Important declarations

• Nat.factors n: the prime factorization of n
• Nat.factors_unique: uniqueness of the prime factorisation

def Nat.factors : ℕ → List ℕ

factors n is the prime factorization of n, listed in increasing order.

Equations

• Nat.factors 0 = []
• Nat.factors 1 = []
• Nat.factors (Nat.succ (Nat.succ k)) = let m := Nat.minFac (k + 2); let_fun this := ⋯; m :: Nat.factors ((k + 2) / m)

@[simp]

theorem Nat.factors_zero : Nat.factors 0 = []

@[simp]

theorem Nat.factors_one : Nat.factors 1 = []
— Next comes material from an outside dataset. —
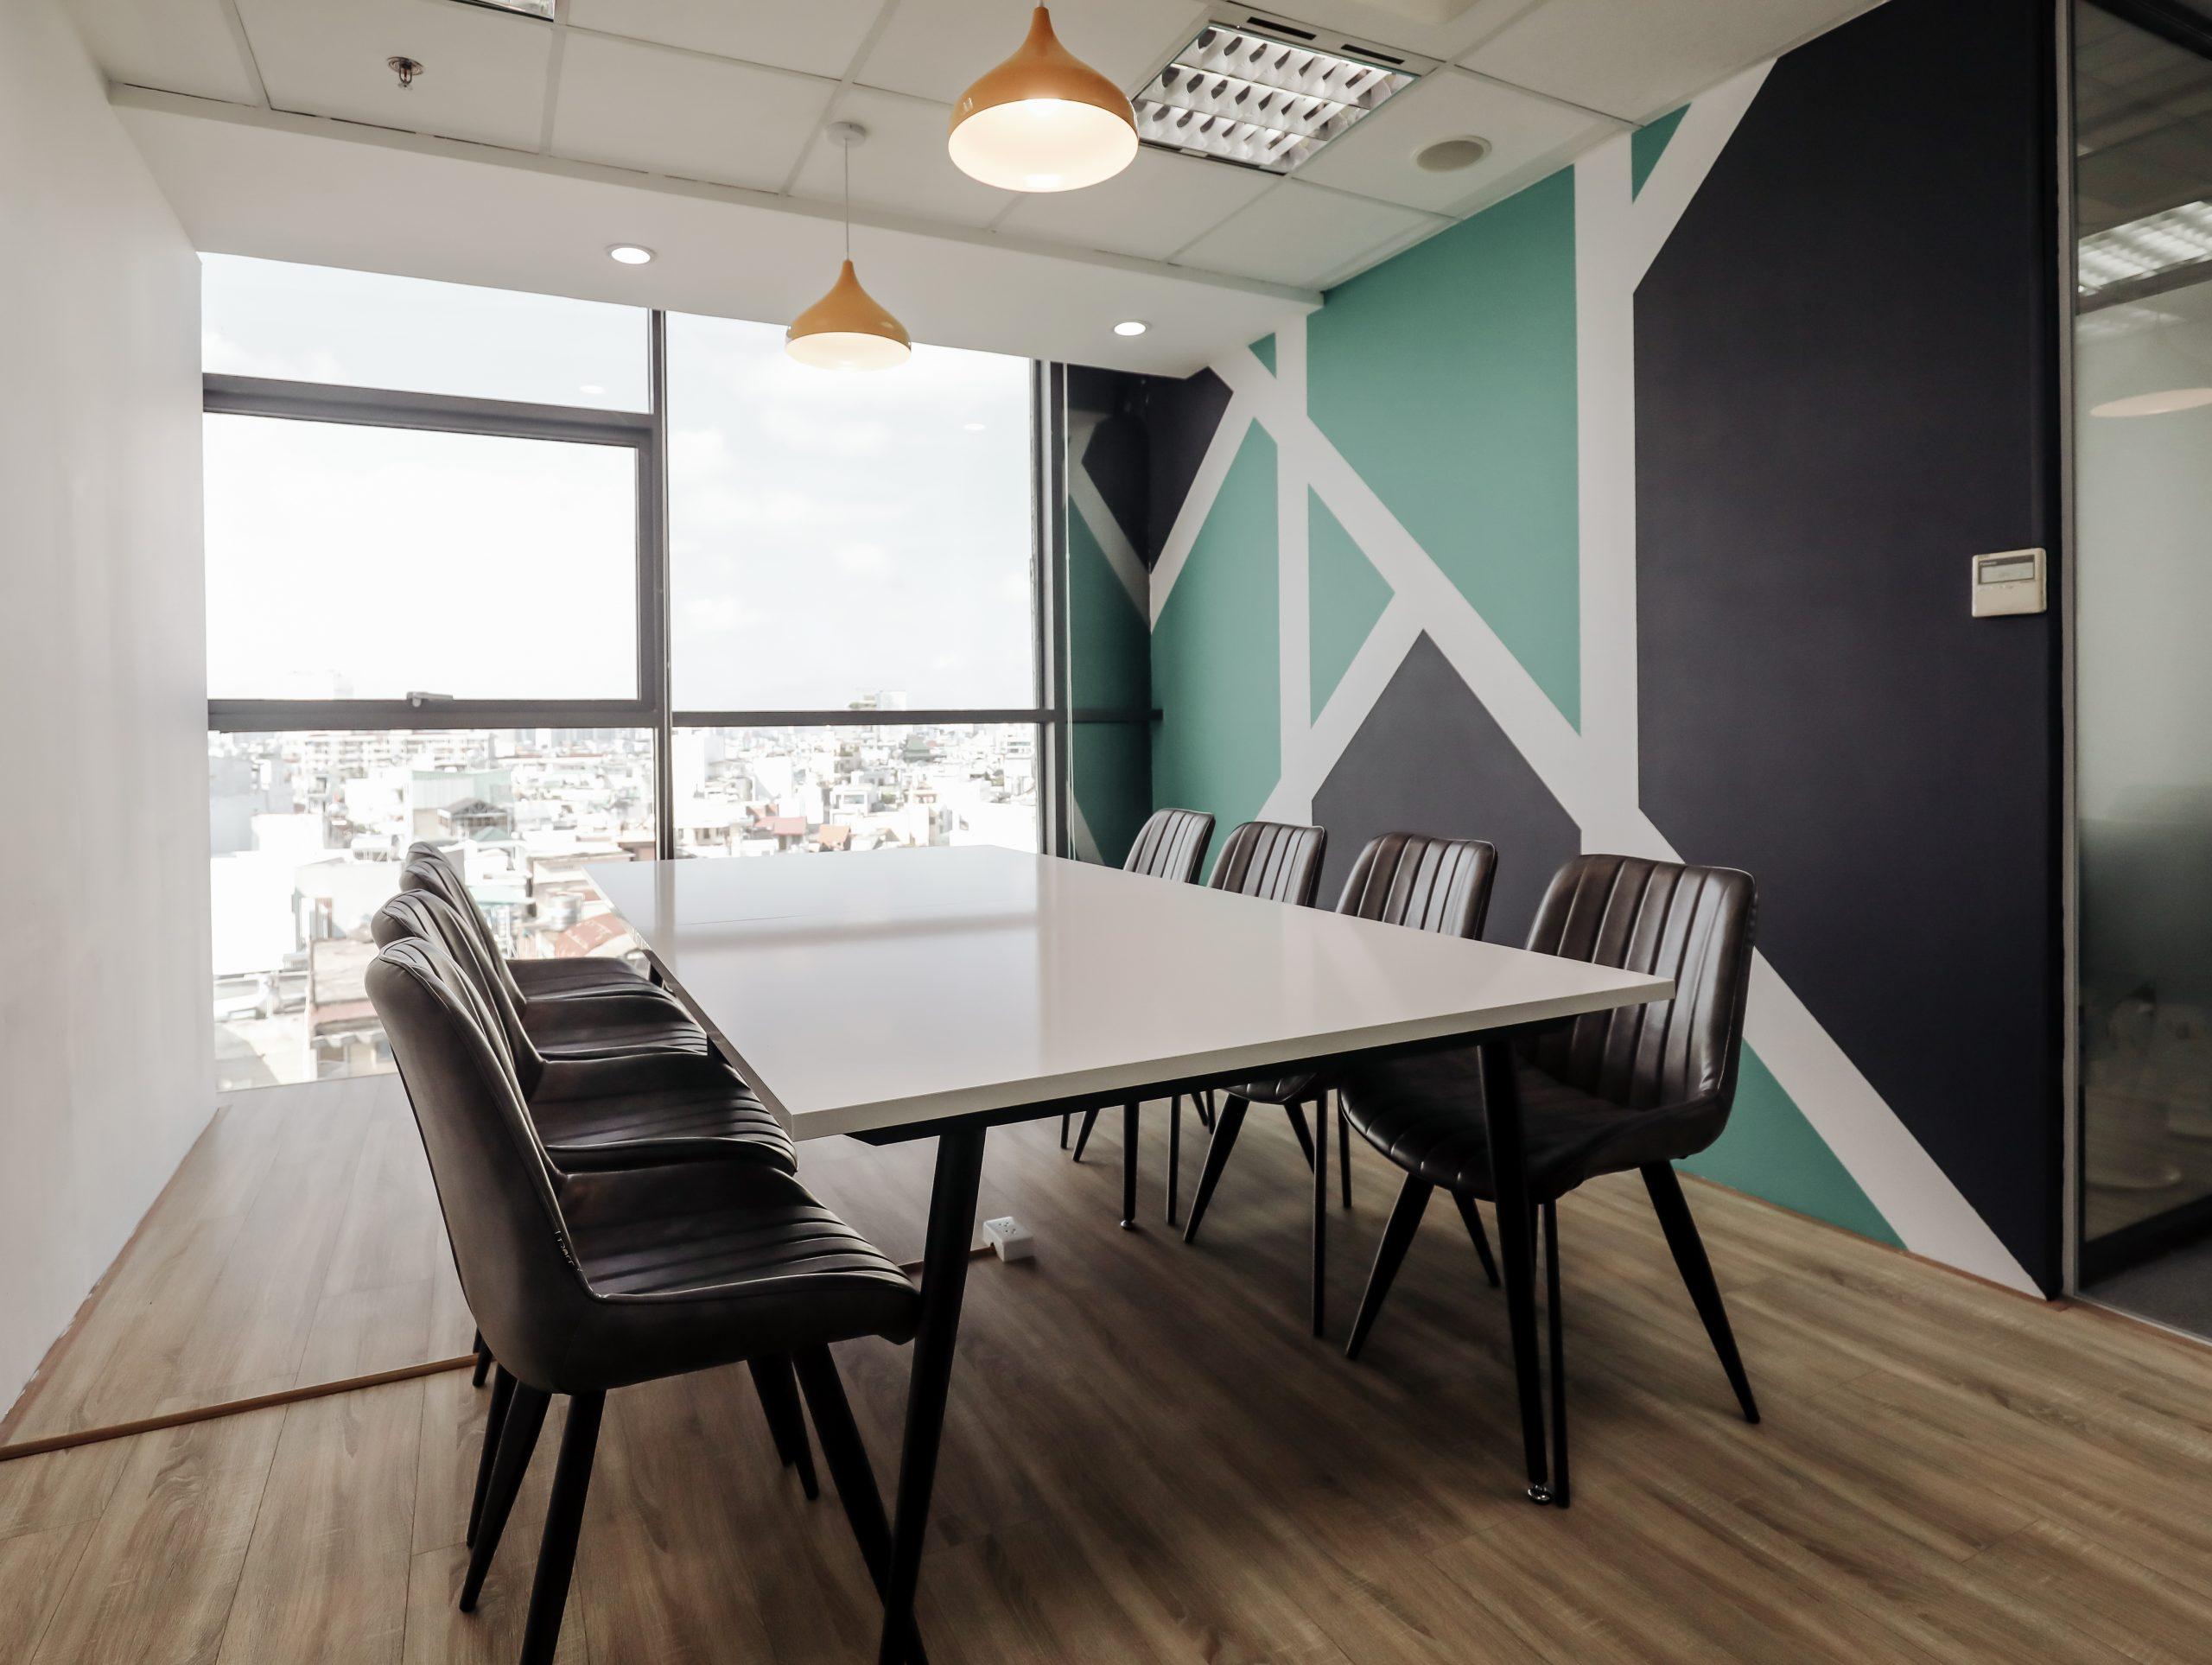 HCMC meeting room blog

theorem Nat.prime_of_mem_factors {n : ℕ} {p : ℕ} (h : p ∈ Nat.factors n) : Nat.Prime p

theorem Nat.pos_of_mem_factors {n : ℕ} {p : ℕ} (h : p ∈ Nat.factors n) : 0 < p

theorem Nat.prod_factors {n : ℕ} : n ≠ 0 → List.prod (Nat.factors n) = n

theorem Nat.factors_prime {p : ℕ} (hp : Nat.Prime p) : Nat.factors p = [p]

theorem Nat.factors_chain {n : ℕ} {a : ℕ} : (∀ (p : ℕ), Nat.Prime p → p ∣ n → a ≤ p) → List.Chain (fun (x x_1 : ℕ) => x ≤ x_1) a (Nat.factors n)

theorem Nat.factors_chain_2 (n : ℕ) : List.Chain (fun (x x_1 : ℕ) => x ≤ x_1) 2 (Nat.factors n)

theorem Nat.factors_chain' (n : ℕ) : List.Chain' (fun (x x_1 : ℕ) => x ≤ x_1) (Nat.factors n)

theorem Nat.factors_sorted (n : ℕ) : List.Sorted (fun (x x_1 : ℕ) => x ≤ x_1) (Nat.factors n)

theorem Nat.factors_add_two (n : ℕ) : Nat.factors (n + 2) = Nat.minFac (n + 2) :: Nat.factors ((n + 2) / Nat.minFac (n + 2))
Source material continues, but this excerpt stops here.